Out of the 25 highest variable importance scores 18 were PGS variables, with four PGS variables among the top ten. The highest performing PGS variables were for psychiatric related variables, but other traits such as birth weight, childhood body mass index, IQ, and educational attainment were also ranked highly. Additionally, removing all PGS variables from the model showed attenuated performance compared to the main model, however the difference in model performance was not statistically significant for most classes. Thus, while PGS of traits generally do not have clinical utility within psychiatry on their own, the results suggest that they can contribute to model performance when combined with other variables/risk factors [66]. Notably, AUC of the NTR outperformed the test set in the sensitivity analysis. This is likely a result of the model over relying on the variable with the highest importance, aggression at age 15/16, as the NTR had a higher proportion of individuals in the aggressive class and the one-vs-all aggression AUC was the top performing class in the NTR.

The primary strength of this study was the use of longitudinal data from both questionnaires and genetic data. Moreover, we were able to validate our model through an externally collected data source [67], indicating that our results are generalisable to Northern Europe and did not suffer from overfitting. However, our study comes with caveats. First, our model would likely be improved by a larger sample size and additional variables related to psychiatric symptoms, such as impulsivity and emotion-dysregulation. Second, our measure of suicidal behaviours were somewhat inconsistent across both cohorts, which likely affected the performance between the data sets.

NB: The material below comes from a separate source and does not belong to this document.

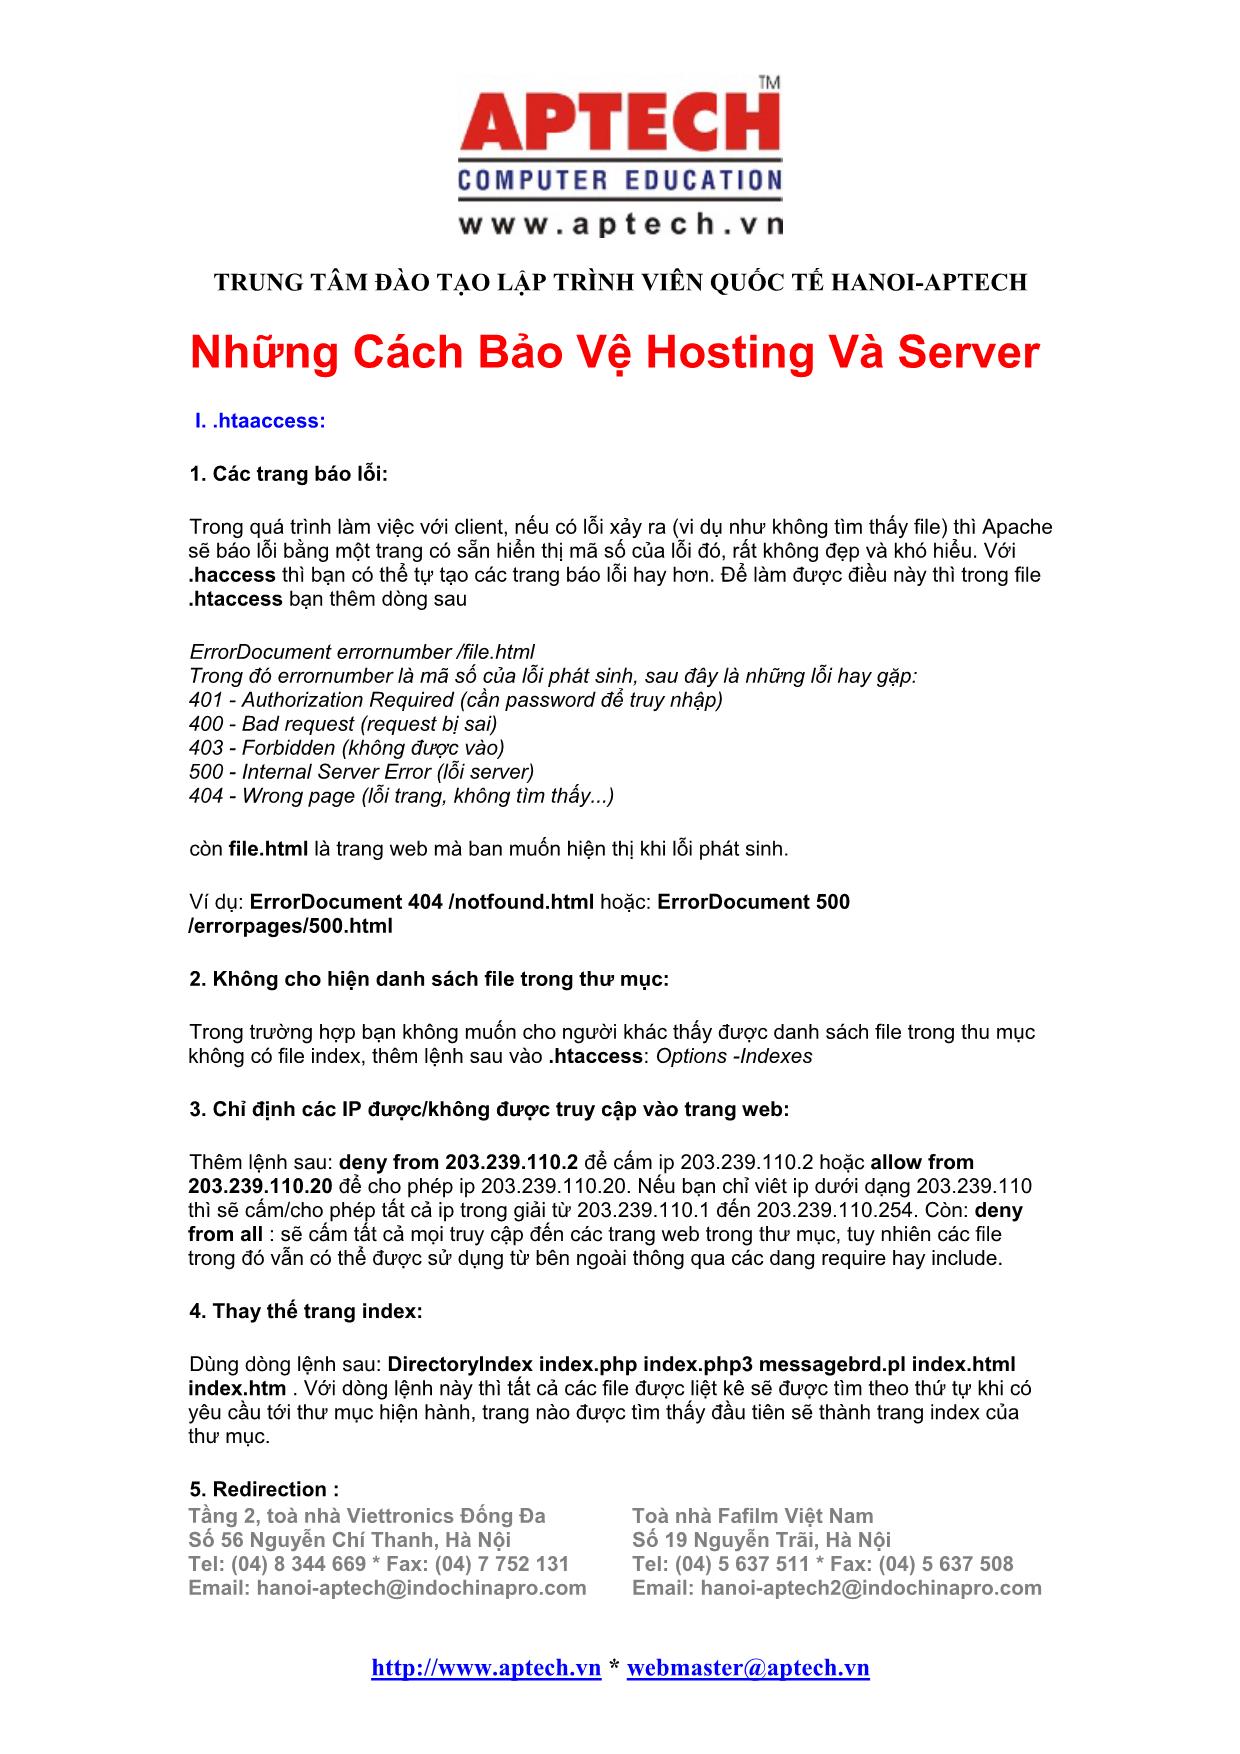 Những cách bảo vệ hosting và server trang 1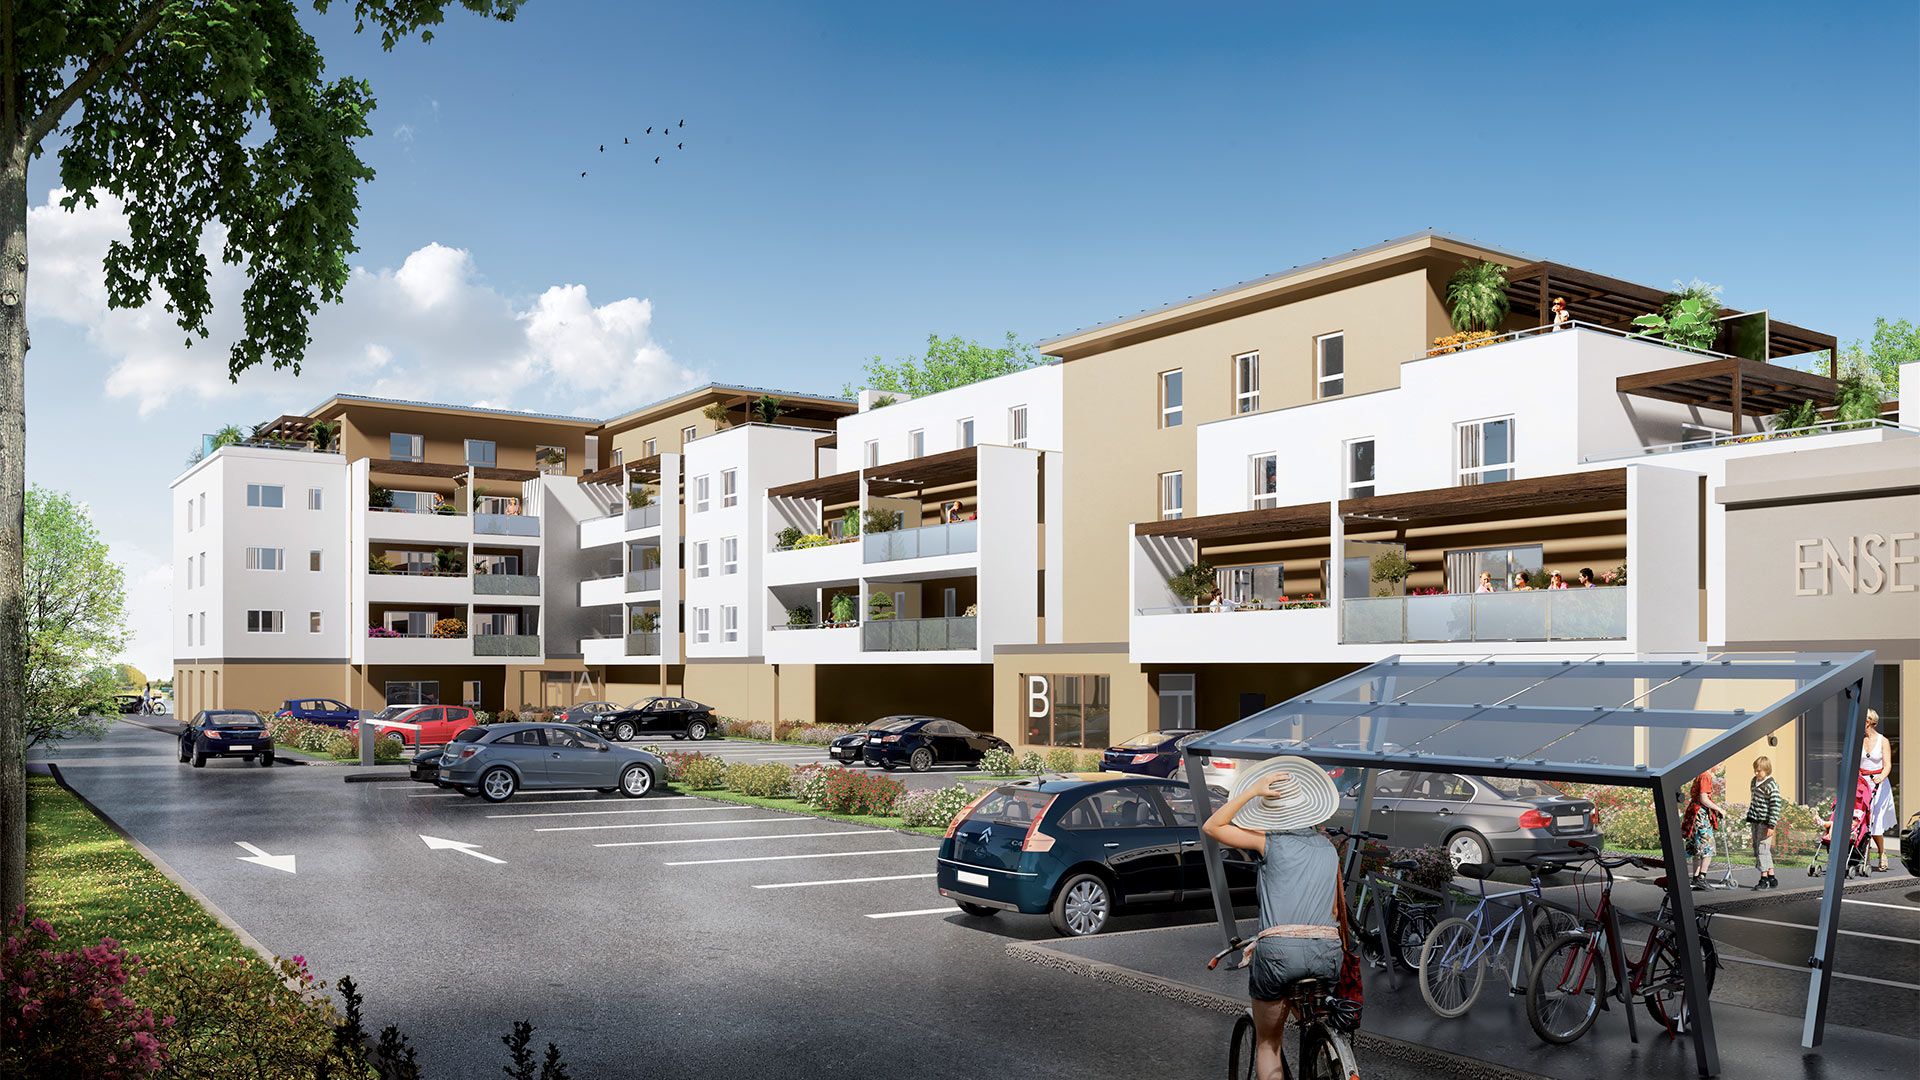 Concept Immobilier - Cœur de Ville - Appartements neufs à Maizières-lès-Metz - Vue extérieure

This study adds to the growing literature around genetically informed prediction models for mental health in adolescents. The results from the variable importance scores suggest that self-reported psychiatric symptoms in mid-adolescence, sex, and psychiatric PGS are key indicators for predicting later aggression and self-harm. Through the sensitivity analysis we found that removing genetic variables led to attenuated but not statistically significant differences in model performance for most of the classes. As of now prediction models are not ready for clinical use in psychiatric clinics and our model is no different [4]. Moreover, the current cost and processing time of genotyping means that clinical utility of genetically informed models may be limited, especially given our models comparable performance to models using non-genetic biomarkers [26].

Future studies could improve our results through including additional variables related to biomarkers, other psychiatric symptoms, and additional raters at varying time points. Moreover, investigating these predictors in a clinical sample could further improve the performance of the model. In sum, to our knowledge our study resulted in the first genetically informed population-model to predict suicidal behaviours, aggressive behaviours, their absence, and co-occurrence. In doing so, we created a model generalisable across Northern Europe with comparable performance to current models, (with the notable exception of the suicidal behaviours class). Finally, we show the non-inferiority of a model that used PGS variables in lieu of variables based on clinical interviews.